Exercise prompt » Return every line below exactly, leaving nothing out.

(Saved data entries)
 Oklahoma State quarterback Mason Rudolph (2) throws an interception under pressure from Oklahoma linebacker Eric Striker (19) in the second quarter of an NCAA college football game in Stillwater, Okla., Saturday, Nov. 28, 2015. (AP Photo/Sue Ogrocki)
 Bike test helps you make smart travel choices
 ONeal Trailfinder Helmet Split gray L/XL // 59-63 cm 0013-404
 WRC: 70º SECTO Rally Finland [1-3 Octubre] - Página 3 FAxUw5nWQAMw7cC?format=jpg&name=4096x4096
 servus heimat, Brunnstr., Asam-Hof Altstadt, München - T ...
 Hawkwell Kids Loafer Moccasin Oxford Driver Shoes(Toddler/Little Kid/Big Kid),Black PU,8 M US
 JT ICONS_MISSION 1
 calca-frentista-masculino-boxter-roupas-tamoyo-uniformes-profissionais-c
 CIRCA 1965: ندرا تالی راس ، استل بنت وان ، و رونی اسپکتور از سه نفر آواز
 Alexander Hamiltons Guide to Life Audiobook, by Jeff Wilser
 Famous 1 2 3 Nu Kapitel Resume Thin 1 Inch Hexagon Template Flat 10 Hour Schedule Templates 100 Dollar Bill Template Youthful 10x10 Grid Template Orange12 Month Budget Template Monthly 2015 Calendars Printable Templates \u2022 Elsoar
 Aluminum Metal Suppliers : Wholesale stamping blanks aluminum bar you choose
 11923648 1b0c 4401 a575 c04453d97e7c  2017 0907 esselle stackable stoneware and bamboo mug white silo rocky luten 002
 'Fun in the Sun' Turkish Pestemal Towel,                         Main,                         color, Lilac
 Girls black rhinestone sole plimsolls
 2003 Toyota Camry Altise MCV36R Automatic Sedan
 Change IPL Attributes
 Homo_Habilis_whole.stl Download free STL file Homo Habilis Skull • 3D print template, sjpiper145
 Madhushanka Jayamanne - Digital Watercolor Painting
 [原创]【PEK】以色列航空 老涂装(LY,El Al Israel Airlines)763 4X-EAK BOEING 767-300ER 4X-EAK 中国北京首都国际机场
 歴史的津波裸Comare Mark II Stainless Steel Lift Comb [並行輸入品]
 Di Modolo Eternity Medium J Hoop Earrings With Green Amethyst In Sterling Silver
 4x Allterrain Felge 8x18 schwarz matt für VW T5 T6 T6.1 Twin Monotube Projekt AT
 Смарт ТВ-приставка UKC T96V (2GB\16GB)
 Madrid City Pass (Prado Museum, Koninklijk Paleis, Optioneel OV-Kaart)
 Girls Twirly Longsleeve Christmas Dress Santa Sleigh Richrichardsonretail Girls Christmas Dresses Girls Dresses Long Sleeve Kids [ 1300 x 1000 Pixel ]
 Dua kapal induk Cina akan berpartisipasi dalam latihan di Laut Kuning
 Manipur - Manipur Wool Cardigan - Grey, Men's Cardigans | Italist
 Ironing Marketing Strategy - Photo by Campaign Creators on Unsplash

Reply »
 Oklahoma State quarterback Mason Rudolph (2) throws an interception under pressure from Oklahoma linebacker Eric Striker (19) in the second quarter of an NCAA college football game in Stillwater, Okla., Saturday, Nov. 28, 2015. (AP Photo/Sue Ogrocki)
 Bike test helps you make smart travel choices
 ONeal Trailfinder Helmet Split gray L/XL // 59-63 cm 0013-404
 WRC: 70º SECTO Rally Finland [1-3 Octubre] - Página 3 FAxUw5nWQAMw7cC?format=jpg&name=4096x4096
 servus heimat, Brunnstr., Asam-Hof Altstadt, München - T ...
 Hawkwell Kids Loafer Moccasin Oxford Driver Shoes(Toddler/Little Kid/Big Kid),Black PU,8 M US
 JT ICONS_MISSION 1
 calca-frentista-masculino-boxter-roupas-tamoyo-uniformes-profissionais-c
 CIRCA 1965: ندرا تالی راس ، استل بنت وان ، و رونی اسپکتور از سه نفر آواز
 Alexander Hamiltons Guide to Life Audiobook, by Jeff Wilser
 Famous 1 2 3 Nu Kapitel Resume Thin 1 Inch Hexagon Template Flat 10 Hour Schedule Templates 100 Dollar Bill Template Youthful 10x10 Grid Template Orange12 Month Budget Template Monthly 2015 Calendars Printable Templates \u2022 Elsoar
 Aluminum Metal Suppliers : Wholesale stamping blanks aluminum bar you choose
 11923648 1b0c 4401 a575 c04453d97e7c  2017 0907 esselle stackable stoneware and bamboo mug white silo rocky luten 002
 'Fun in the Sun' Turkish Pestemal Towel,                         Main,                         color, Lilac
 Girls black rhinestone sole plimsolls
 2003 Toyota Camry Altise MCV36R Automatic Sedan
 Change IPL Attributes
 Homo_Habilis_whole.stl Download free STL file Homo Habilis Skull • 3D print template, sjpiper145
 Madhushanka Jayamanne - Digital Watercolor Painting
 [原创]【PEK】以色列航空 老涂装(LY,El Al Israel Airlines)763 4X-EAK BOEING 767-300ER 4X-EAK 中国北京首都国际机场
 歴史的津波裸Comare Mark II Stainless Steel Lift Comb [並行輸入品]
 Di Modolo Eternity Medium J Hoop Earrings With Green Amethyst In Sterling Silver
 4x Allterrain Felge 8x18 schwarz matt für VW T5 T6 T6.1 Twin Monotube Projekt AT
 Смарт ТВ-приставка UKC T96V (2GB\16GB)
 Madrid City Pass (Prado Museum, Koninklijk Paleis, Optioneel OV-Kaart)
 Girls Twirly Longsleeve Christmas Dress Santa Sleigh Richrichardsonretail Girls Christmas Dresses Girls Dresses Long Sleeve Kids [ 1300 x 1000 Pixel ]
 Dua kapal induk Cina akan berpartisipasi dalam latihan di Laut Kuning
 Manipur - Manipur Wool Cardigan - Grey, Men's Cardigans | Italist
 Ironing Marketing Strategy - Photo by Campaign Creators on Unsplash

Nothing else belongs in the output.